Maybe. I used to be a hydrogen car fan, maybe I'm still too optimistic.

Brian said...

Hi John, I had the same opinion of Arnold Schwarzenegger regarding the push for hydrogen 10 years ago, before he finally got somewhat sincere about climate change. Now feels different, partly because of who's pushing it, and partly because hydrogen's not being used AFAICT to weaken policies promoting electric vehicles.

Whitebeard - from a policy perspective, the 100 hydrogen stations are unimportant as far as their direct effects are concerned, either positive or negative. If they lead to nothing, then that's too bad and a waste of money (but not a lot of money compared to overall energy budget over a decade). The chance that they could lead to something huge makes them seem worthwhile to me.

Thomas Lee Elifritz said...

You used to be a usenet crank too, and well, guess what, you still are.

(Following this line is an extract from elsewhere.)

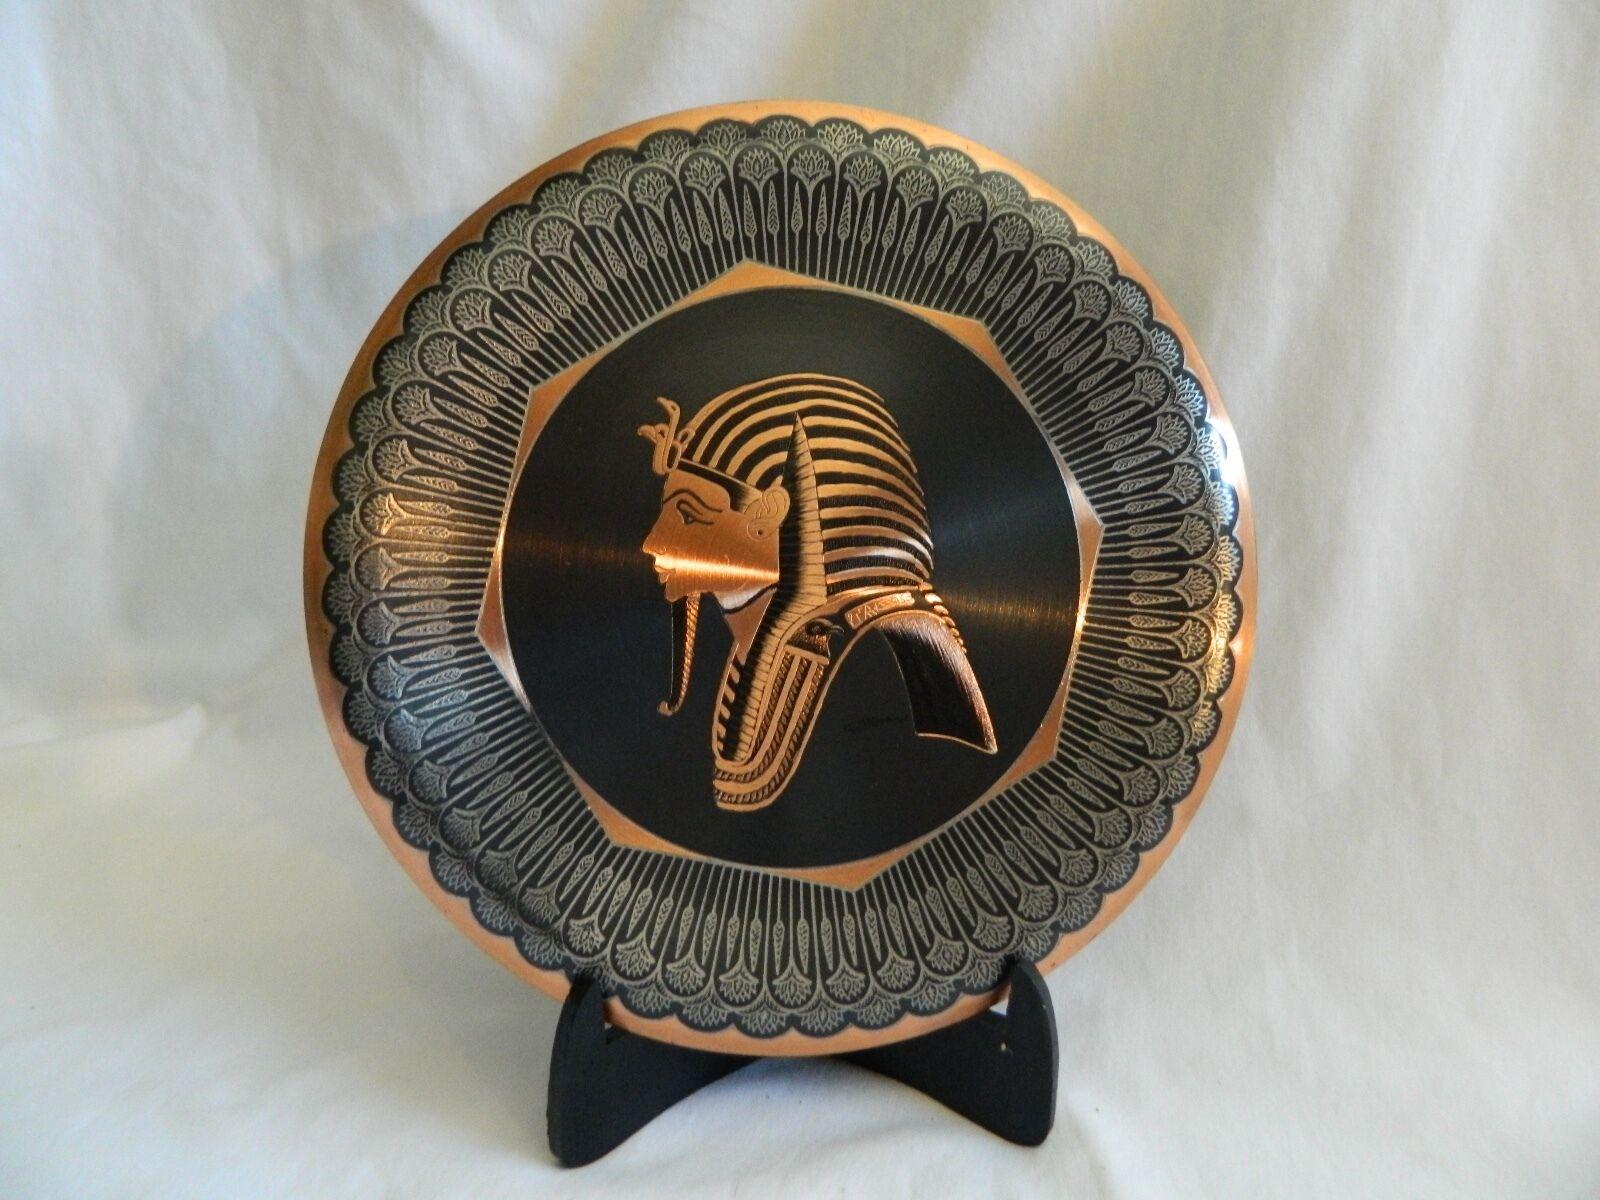 Ägyptisch Kupfer Versilbert Dekor Platte König Hochwertig 25.4cm

Thomas Lee Elifritz said...

What's that, the internet stink eye? Everyone has their preferred molecule. It takes all kinds. But molecules have consequences. The consequences of hydrogen and oxygen molecules and ultraviolet photons are fortunately for you, very low. What I sense is a complete laziness of the US government and academic institutions to get this job done. When there are just a handful of people in the entire world working on this problem, the complaints of the rubes start to get pretty lame.


EliRabett said...
As Santayana said, those who forget the past are doomed to repeat it.